- **Task**
In the material below, print every line exactly and omit the pictures.

- **Information provided**
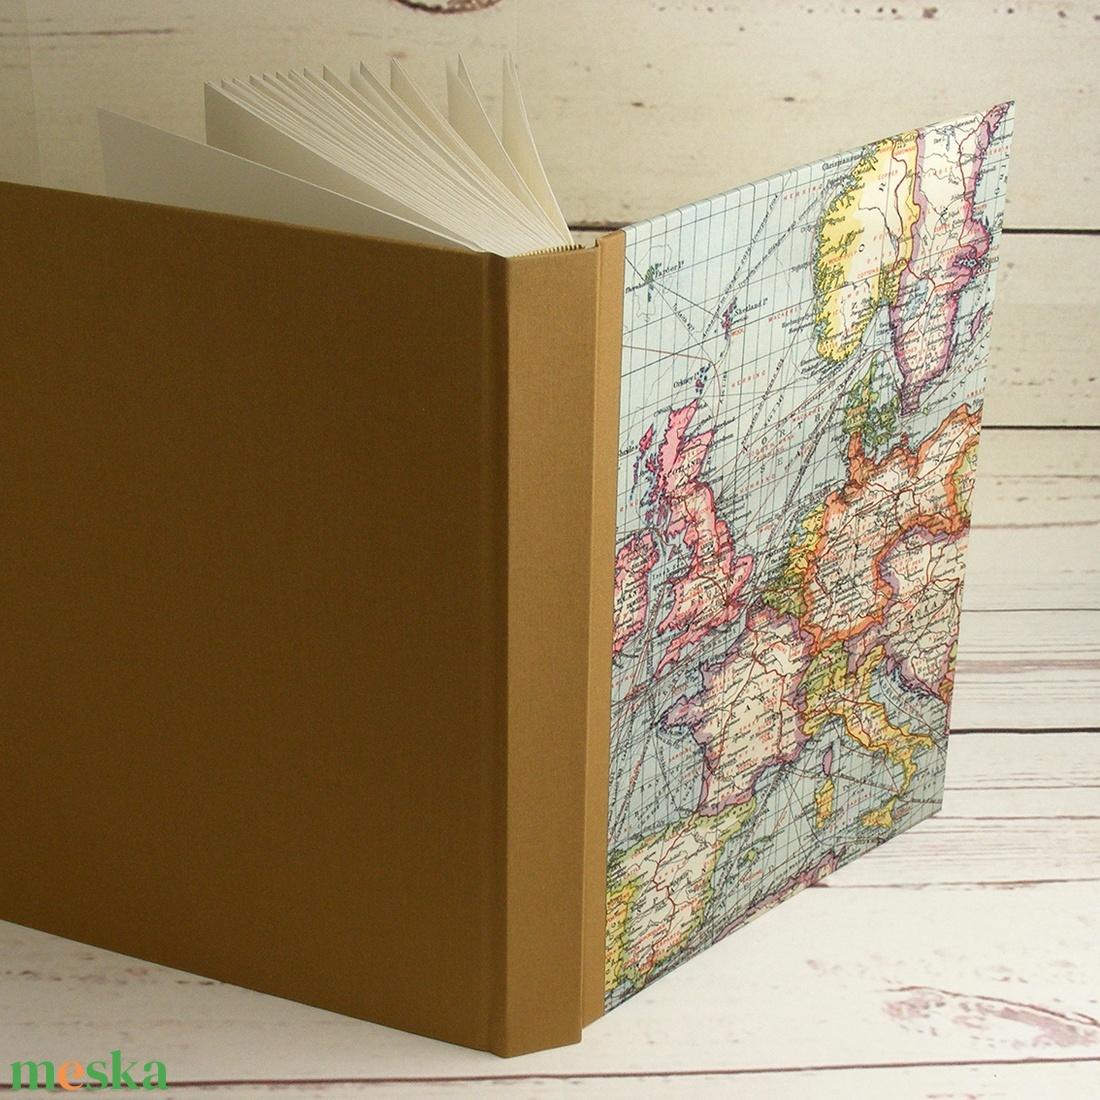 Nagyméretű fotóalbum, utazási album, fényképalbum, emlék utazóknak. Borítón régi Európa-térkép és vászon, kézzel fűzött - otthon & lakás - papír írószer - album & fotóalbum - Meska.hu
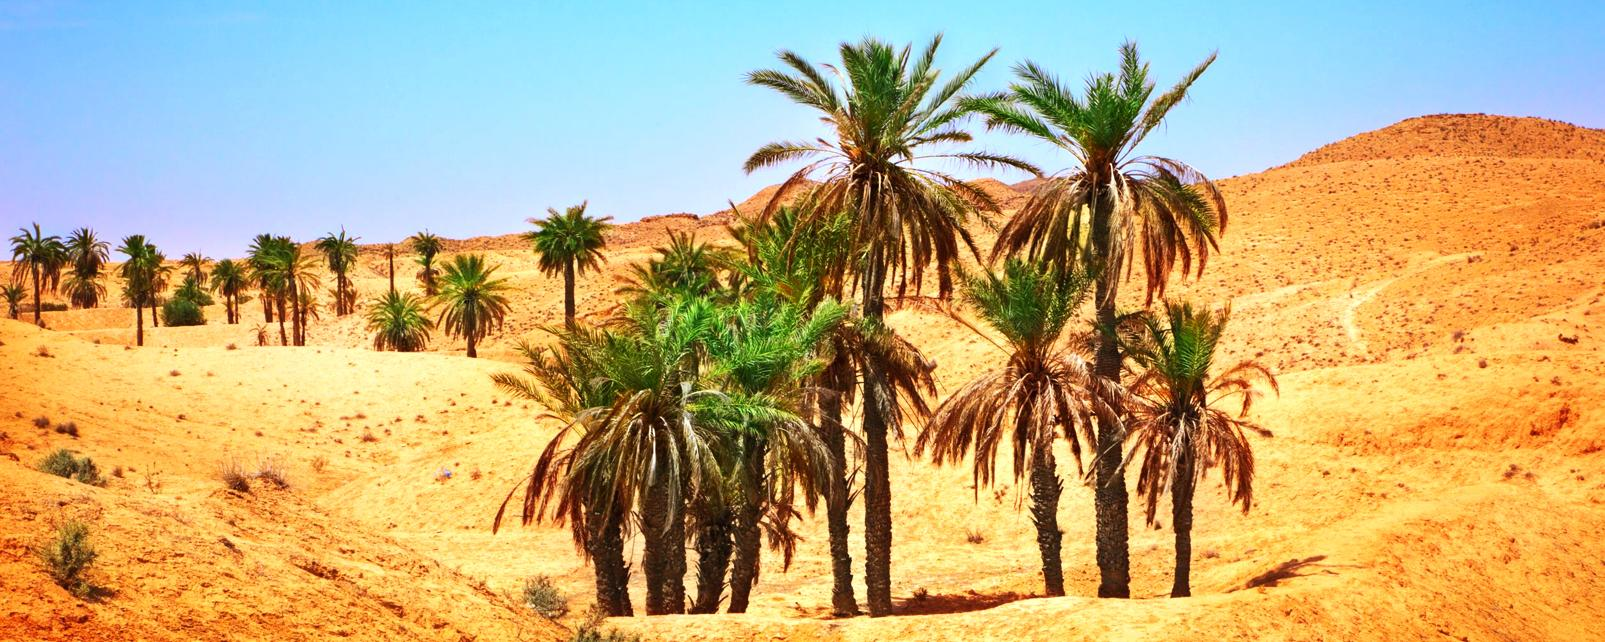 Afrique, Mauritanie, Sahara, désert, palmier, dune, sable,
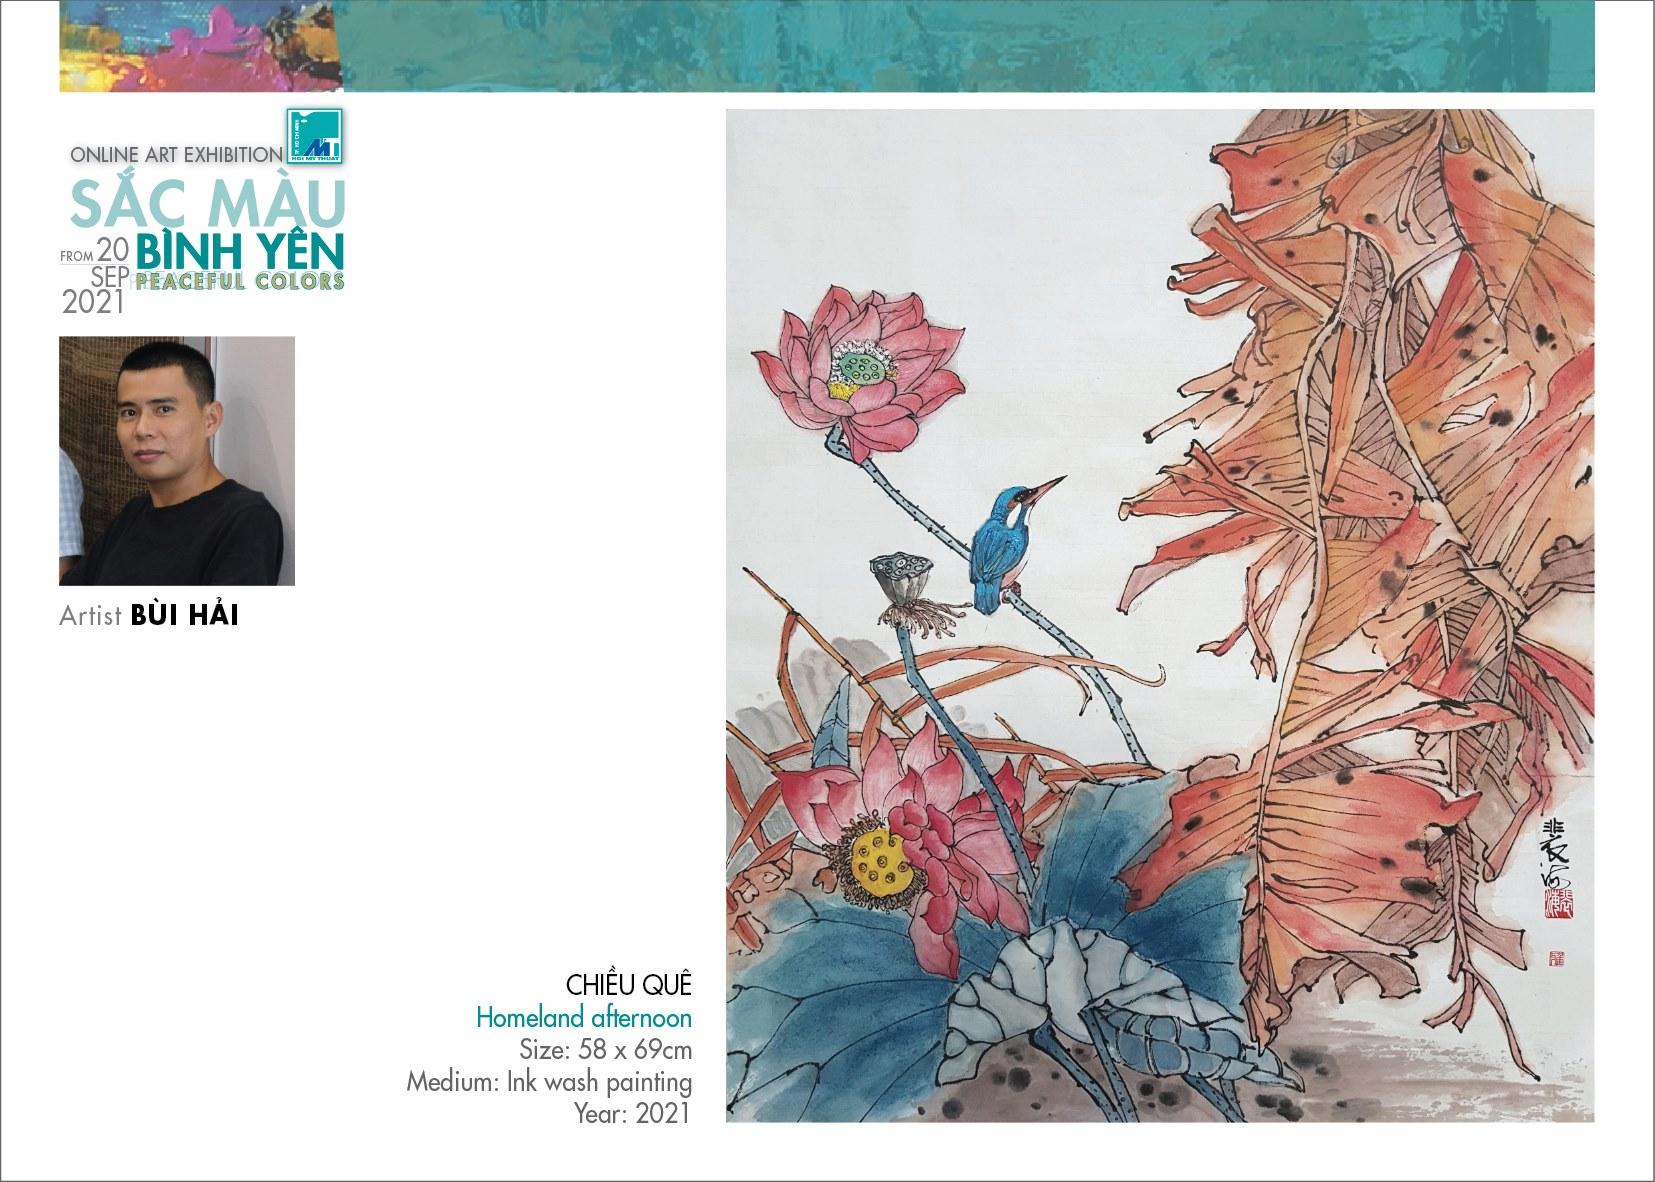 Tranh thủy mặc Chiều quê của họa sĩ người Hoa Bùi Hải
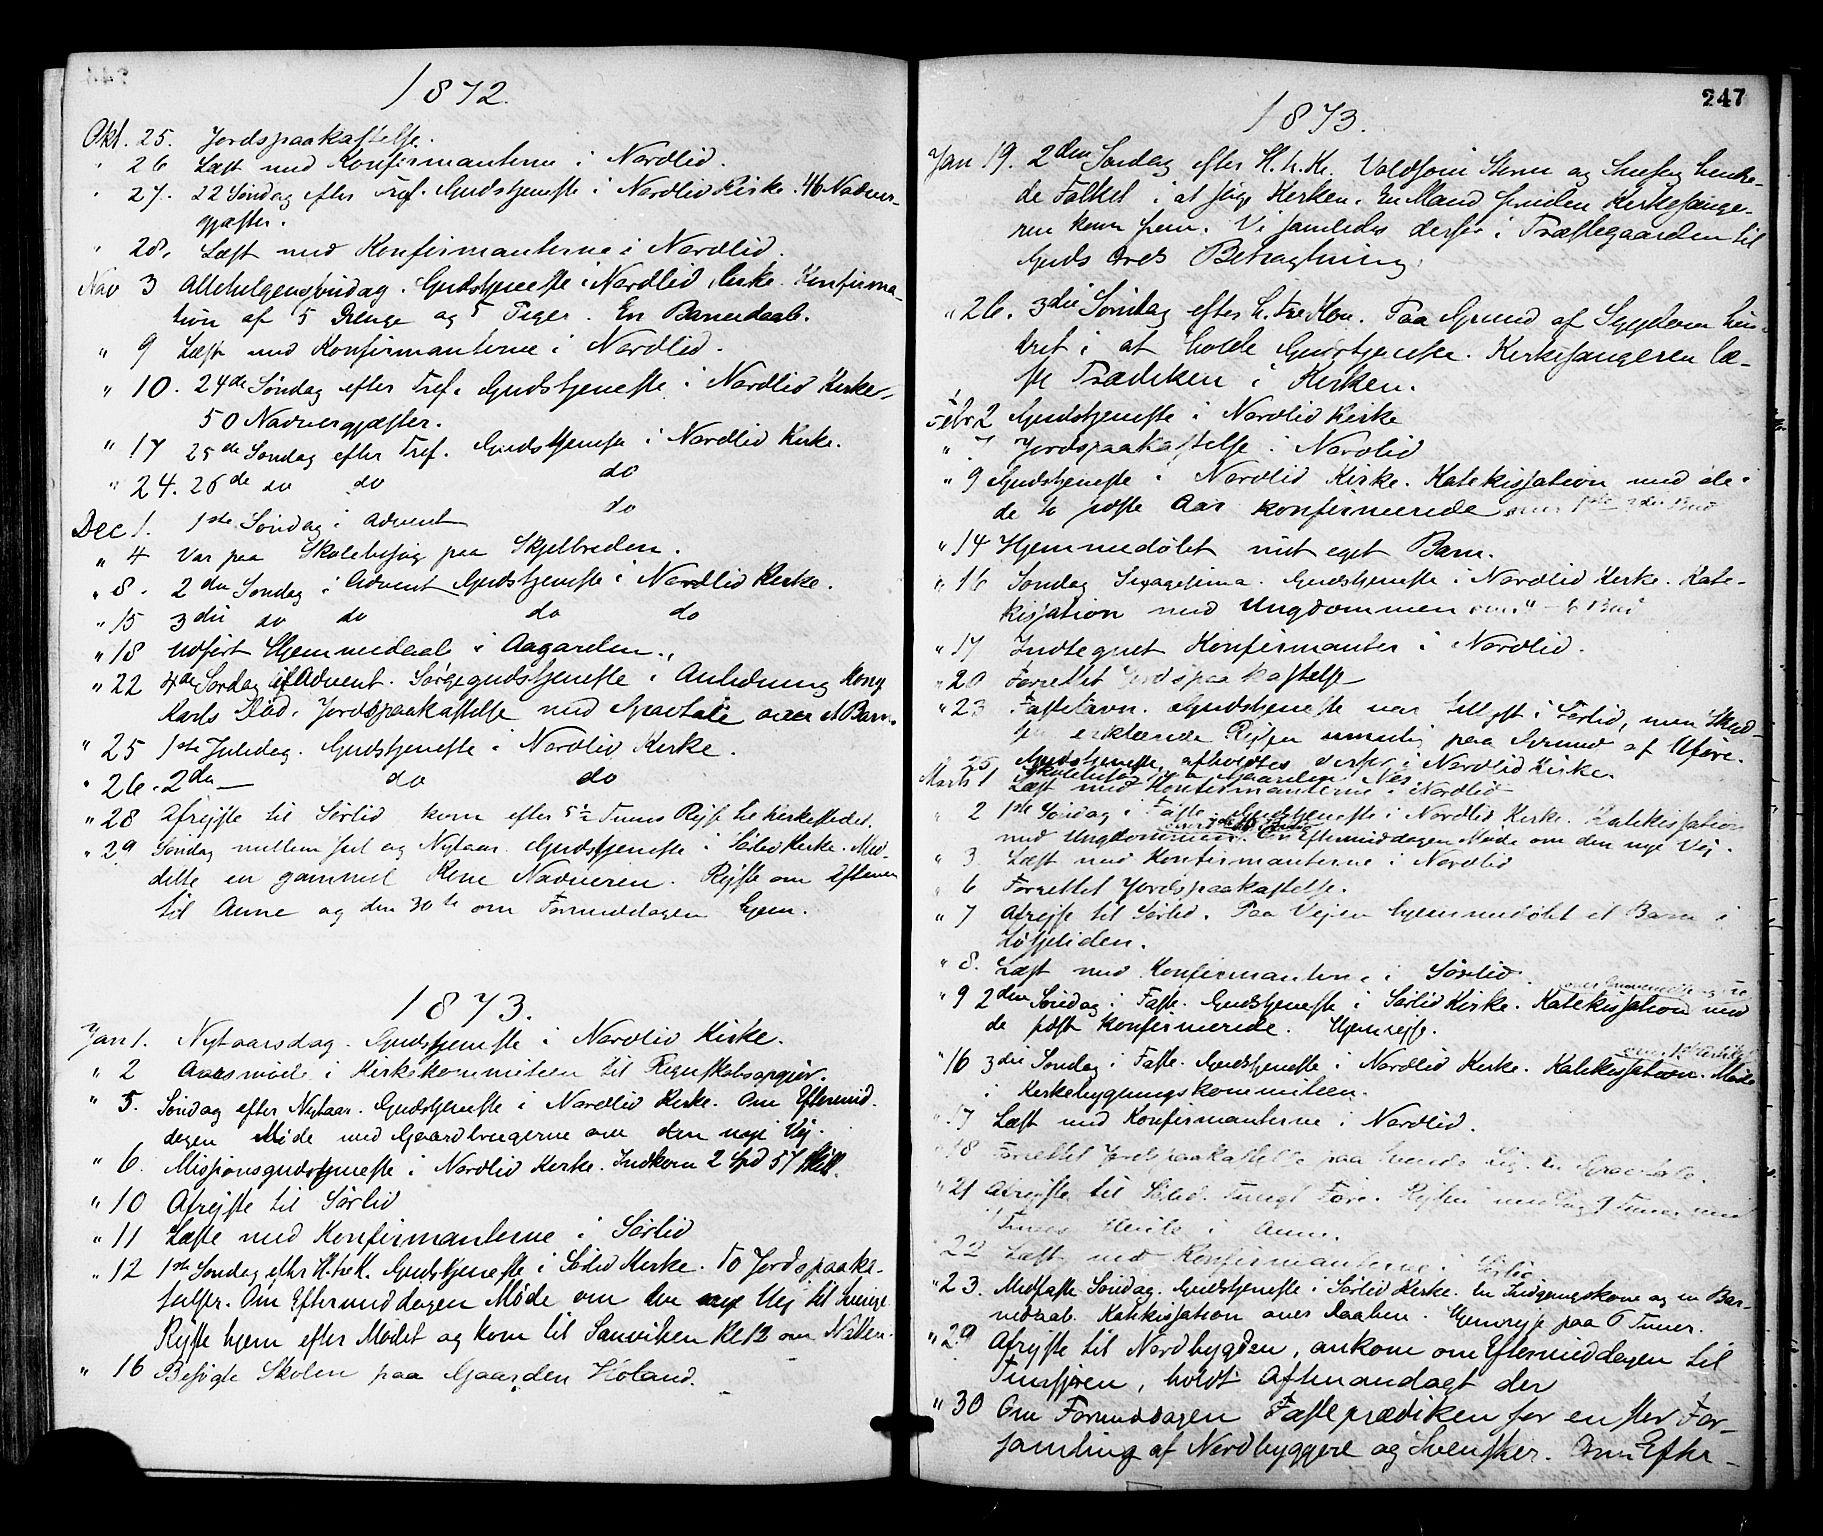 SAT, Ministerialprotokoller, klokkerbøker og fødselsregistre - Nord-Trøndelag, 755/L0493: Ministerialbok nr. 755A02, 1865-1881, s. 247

- **Answer section**
 Nagyméretű fotóalbum, utazási album, fényképalbum, emlék utazóknak. Borítón régi Európa-térkép és vászon, kézzel fűzött - otthon & lakás - papír írószer - album & fotóalbum - Meska.hu
 Afrique, Mauritanie, Sahara, désert, palmier, dune, sable,
 Tranh thủy mặc Chiều quê của họa sĩ người Hoa Bùi Hải
 SAT, Ministerialprotokoller, klokkerbøker og fødselsregistre - Nord-Trøndelag, 755/L0493: Ministerialbok nr. 755A02, 1865-1881, s. 247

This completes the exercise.